Did u put shrimp in a orange netting? Ill have to try it. Still working on my first shrimp hookup.


----------



## steelhead sniper 860 (Nov 6, 2013)

No, it was steelhead eggs that are busted from the fight. but I had a bag of shrimp on me for backup, never got around to them.


----------



## SelfTaught (Mar 27, 2014)

COOL


----------



## Ferdinando78 (Mar 28, 2013)

Hit a trib off the grand Sunday hooked a few fresh ones when the afternoon came around. Going out this afternoon, hopefully new fish are still pushing up.


----------



## steelhead sniper 860 (Nov 6, 2013)

Landed 5 more today


----------



## steelhead sniper 860 (Nov 6, 2013)




----------



## Ferdinando78 (Mar 28, 2013)

Nice fish. I was able to hook a couple in the little time I was able to get out. With this rain the tribs will get some good water. It was very low yesterday


----------



## steelhead sniper 860 (Nov 6, 2013)

Small creek I was at was still quite stained maybe 5 inches of visibility


----------



## NEOhioangler1998 (Feb 15, 2017)

I know people don't want to give out spots but where are you guys catching them ?


----------



## laynhardwood (Dec 27, 2009)

That's too secret 007 stuff


----------



## hailtothethief (Jan 18, 2017)

Simplest way to find spots is to walk the river and people watch. You see fish roped up to the shore its prob a good spot.
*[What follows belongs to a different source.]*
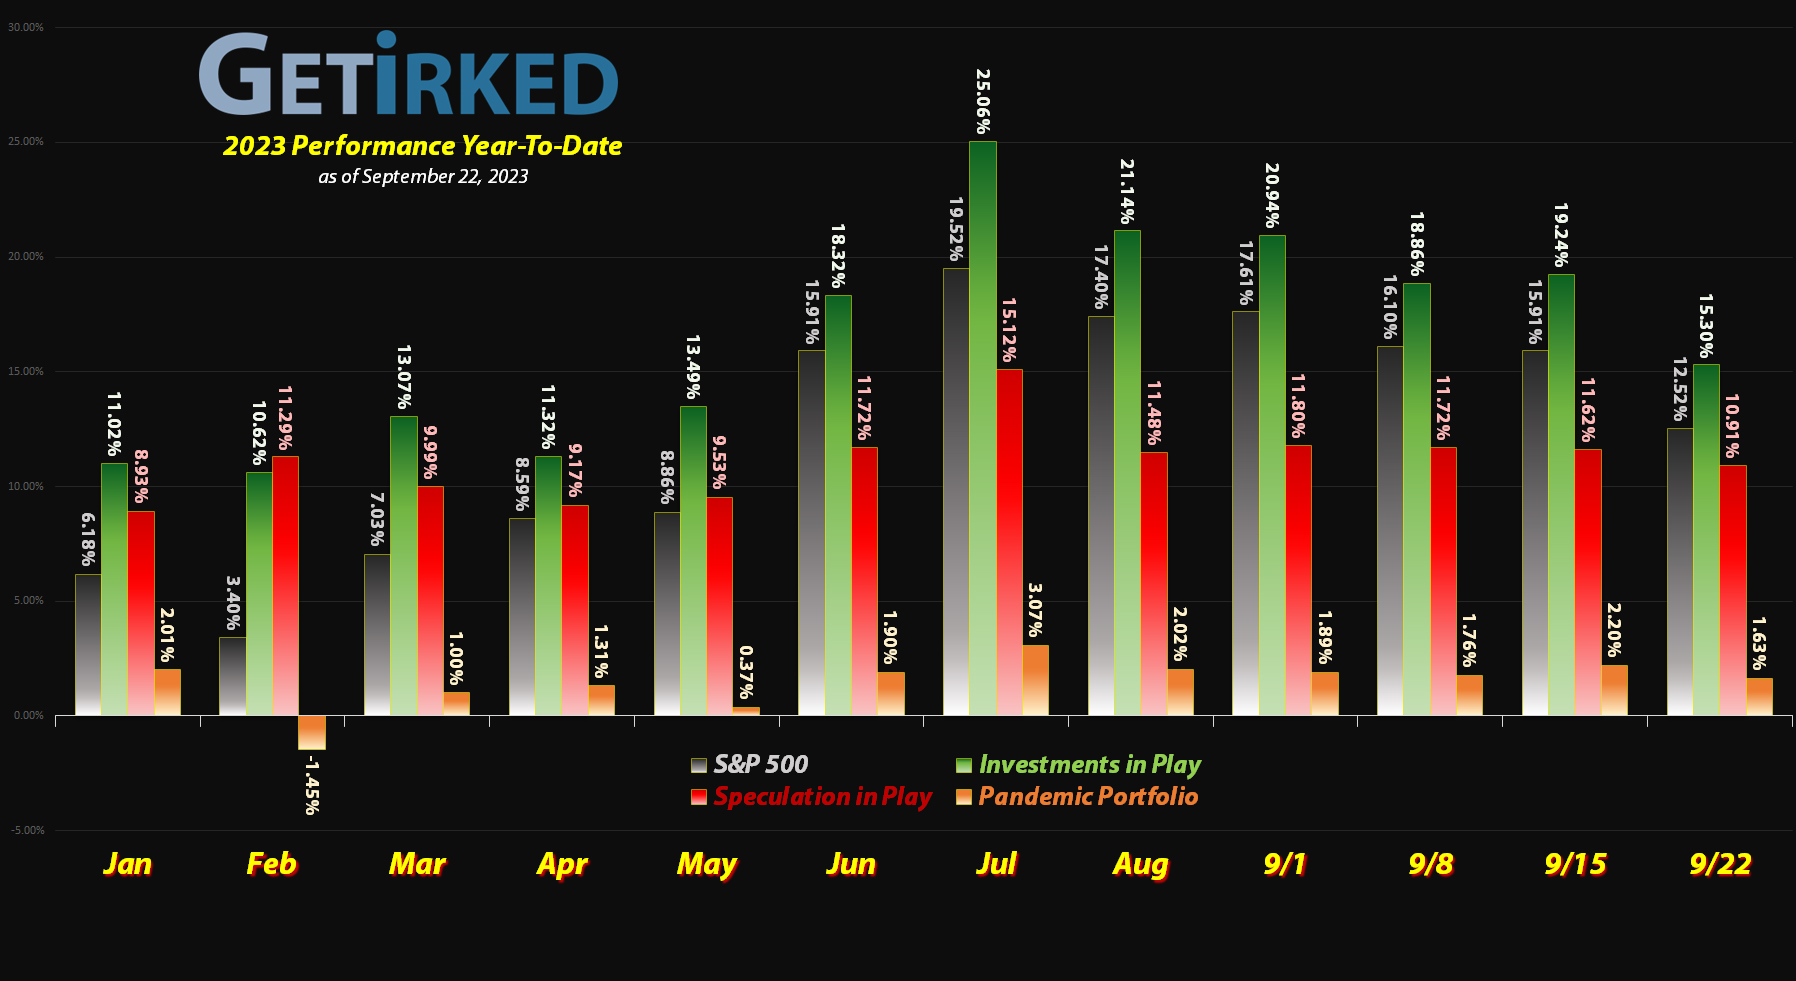 Get Irked - Year-to-Date Performance - Investments in Play vs. Speculation in Play - 2023 Year-to-Date Performance

Fishing is going to get bananas moving forward.


----------



## chuckNduck (Jun 29, 2012)

NEOhioangler1998 said:


> I know people don't want to give out spots but where are you guys catching them ?


These are not secret spots. Pull up Google Earth, or any detailed area map, and look for feeders off of any of the Lake Erie tribs. Any of them could have fish in them. Some are easily accessed in park systems, while others require asking permission. These are small waters that can become very crowded, very quickly when people mention them by name, which is why many people generally will not post about the success they have on them. I only fish them on weekdays.


----------



## snag (Dec 27, 2005)

It's no secret to any of the tribs. With sat maps and google earth you can find just about any stream going toward Erie. I did it old style before those pc sites, I have northern county road maps and I can find any stream along the lakeshore. Now some are posted but back then we could get salmon from a few of them . Plus guys talk about certain parks they go to and it doesn't take to many smarts to put 2plus 2 together and find the spot. Talked to a guy last week and he was looking for spots on the grand from satellite links .. ahh the computer age spoils a lot of fisherman.


----------



## nooffseason (Nov 15, 2008)

snag said:


> It's no secret to any of the tribs. With sat maps and google earth you can find just about any stream going toward Erie. I did it old style before those pc sites, I have northern county road maps and I can find any stream along the lakeshore. Now some are posted but back then we could get salmon from a few of them . Plus guys talk about certain parks they go to and it doesn't take to many smarts to put 2plus 2 together and find the spot. Talked to a guy last week and he was looking for spots on the grand from satellite links .. ahh the computer age spoils a lot of fisherman.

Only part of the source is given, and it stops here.